Saturday, August 24, 2013

United States / Historical Cases of Gendercide

Thomas Ewing Jr.
(Library of Congress)
Tom Ewing's Dirty War
By Nicole Etcheson
The New York Times, August 23, 2013
"Thomas Ewing Jr. was a conscientious man. Though never as flamboyant as his foster brother, William Tecumseh Sherman, Ewing was ambitious for political fame and fortune, as befitted the son of one of Ohio's leading Whig politicians. His father had served both in the United States Senate and in the cabinets of Presidents William Henry Harrison and Zachary Taylor. Thomas Ewing Jr., or Tom, was his father's personal secretary when the elder Ewing ran Taylor's Department of the Interior. Tom Ewing graduated from Brown University and became a lawyer. He migrated to Kansas Territory and settled in Leavenworth, where he practiced law, speculated in land and railroads, and engaged in free-state politics. Kenneth J. Heineman, a biographer of the Ewing family, believes Tom wanted to re-create in Kansas his father's rise to wealth and power a generation earlier on the Ohio frontier. But drought and political instability in Kansas rendered Ewing's land speculations unprofitable, leaving him in debt and reliant on income from his law practice when the secession crisis came. ... Tom became colonel of the 11th Kansas Infantry, which stayed in the Midwest.
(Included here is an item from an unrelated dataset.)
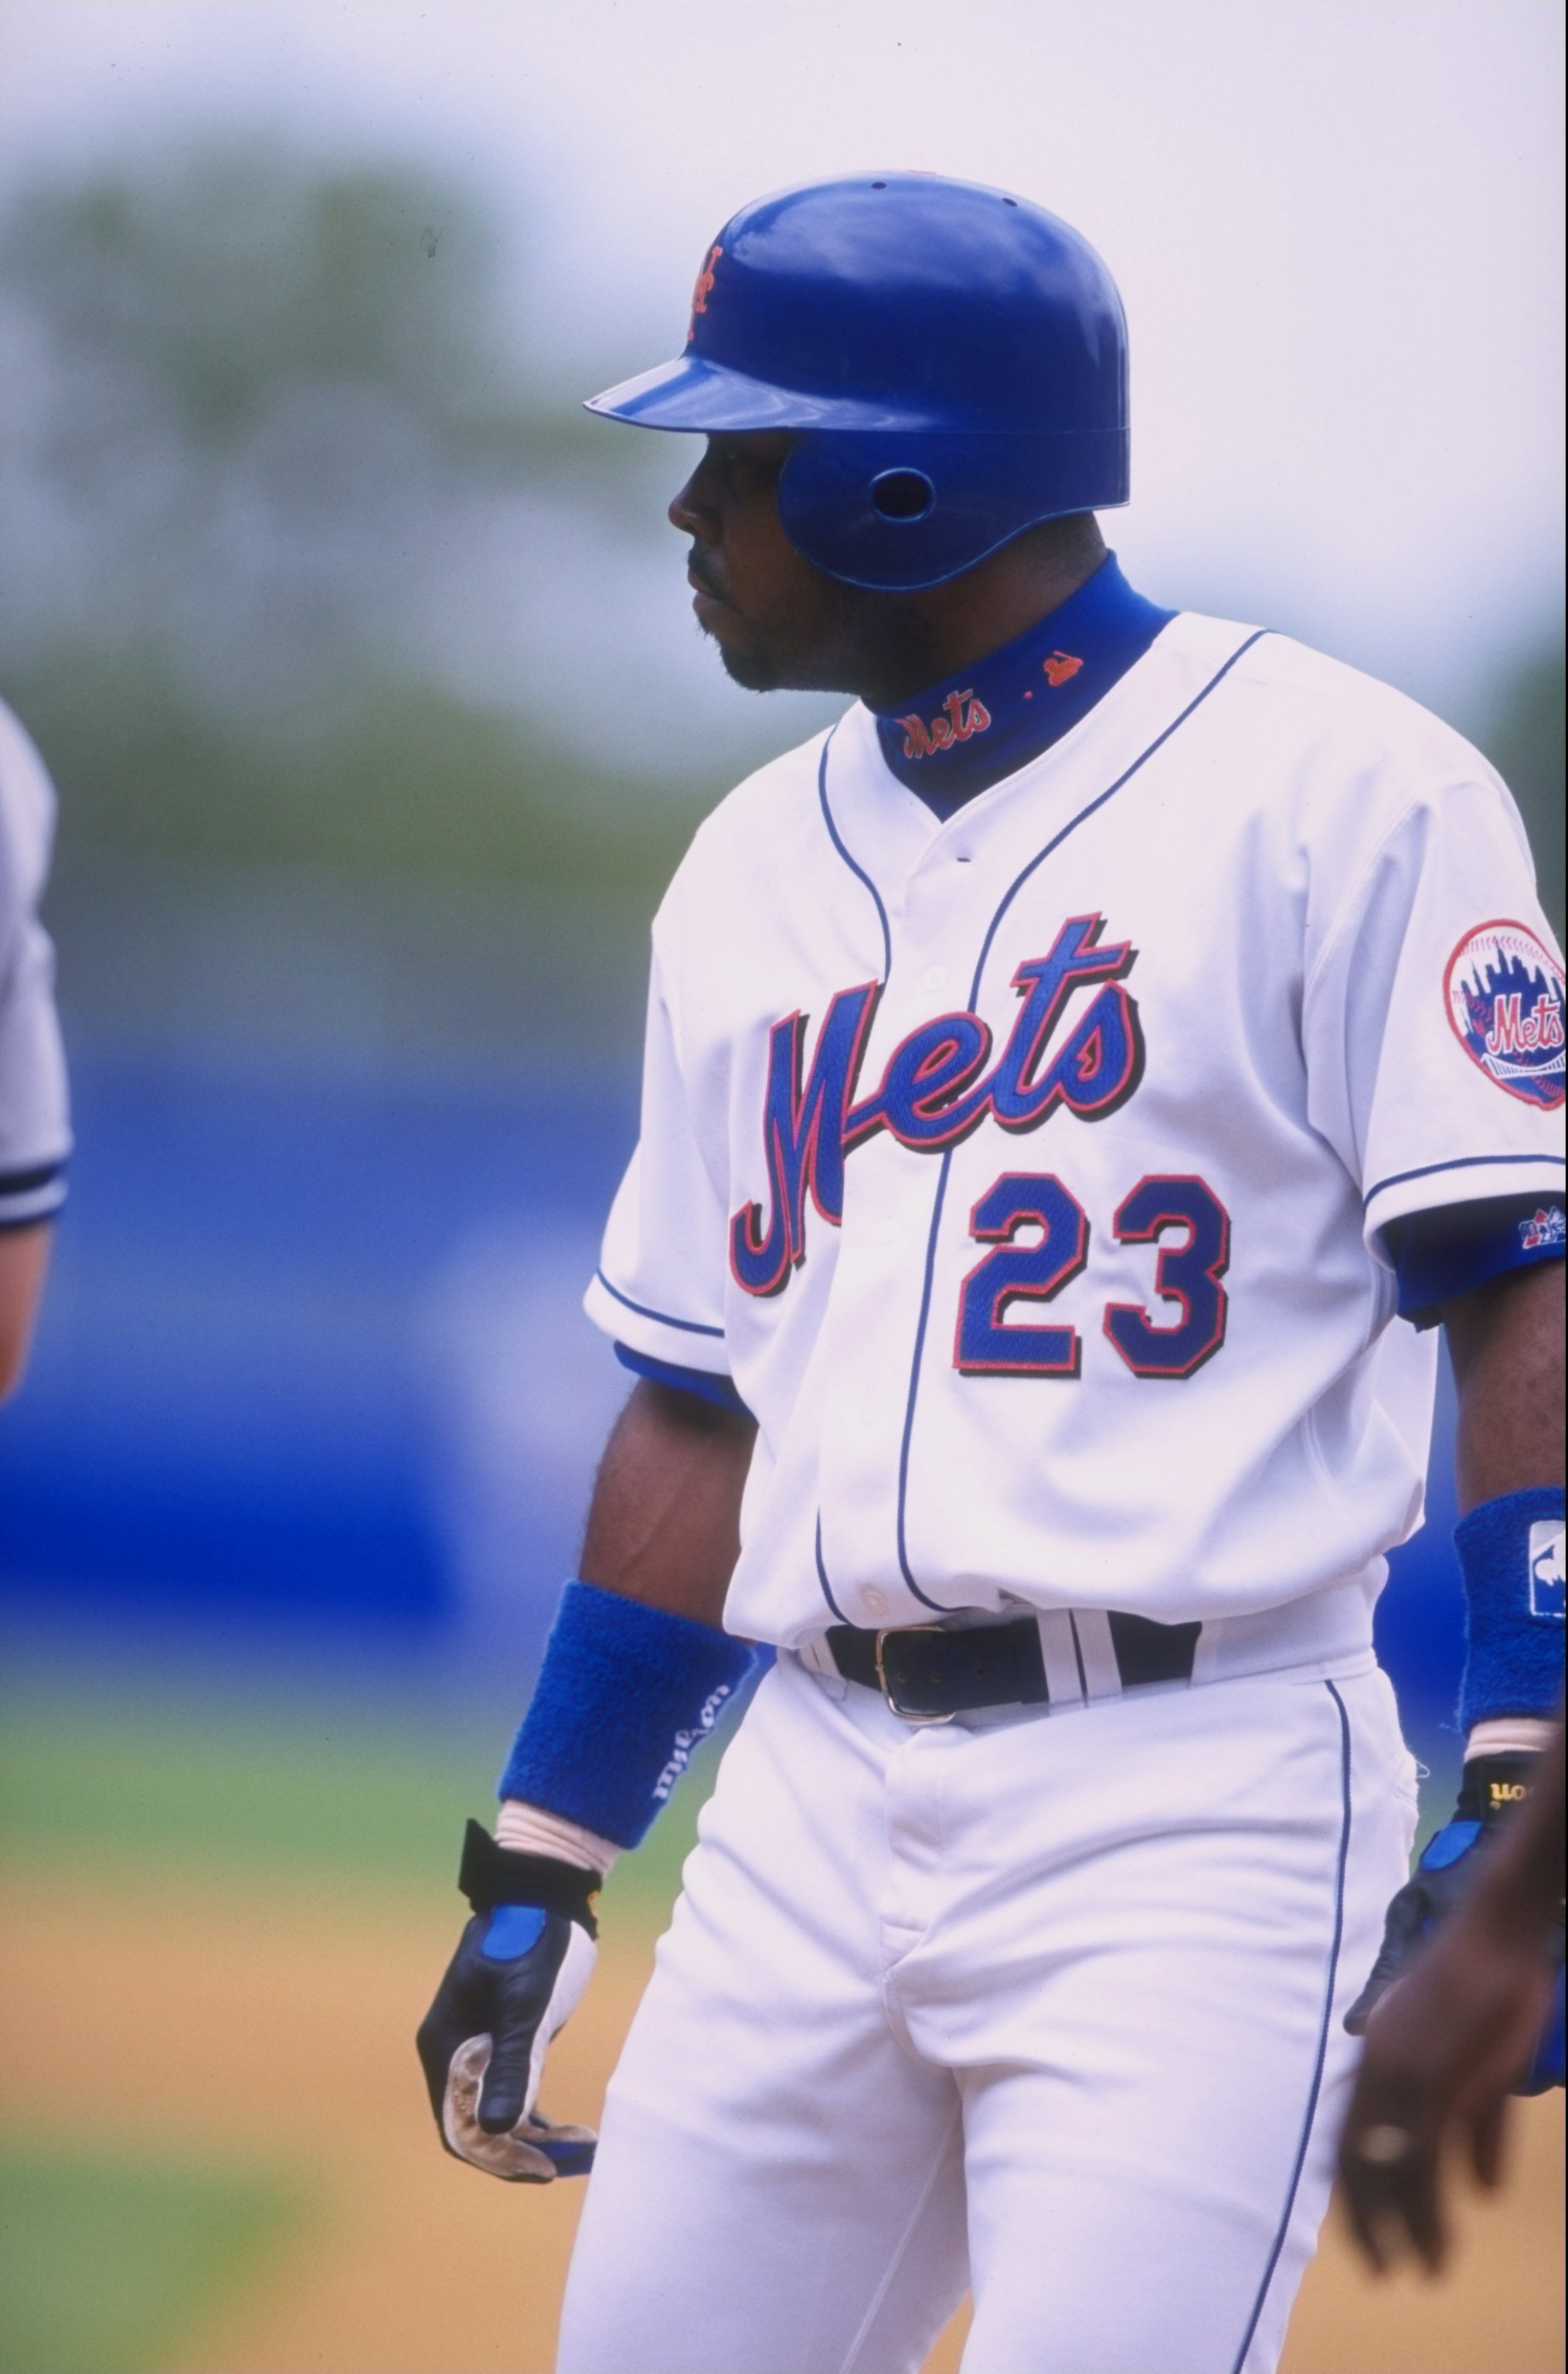 Remembering Mets History: (2003) Joe Reyes Is Youngest Player To

Early on, Tom had not seen the Missourians as a threat to Kansas, and doubted that they would disturb 'the Kansas Hornets nest.' Considering the Missourians 'devils, but also cowards,' he was actually more worried about the destabilizing incursions of Kansas Jayhawkers into Missouri. ... Along the border, Kansans and Missourians had persisted in the animosities of the pre-war period. Kansas Jayhawkers, under leaders like the fiery James H. Lane, who had received one of the Kansas senate seats, had been sent away from the border because of their depredations against Missourians. Yet increasingly, the problem was that of bushwhackers, pro-Confederate guerrillas, who attacked Union troops and targets inside Missouri, and occasionally raided across the border into Kansas.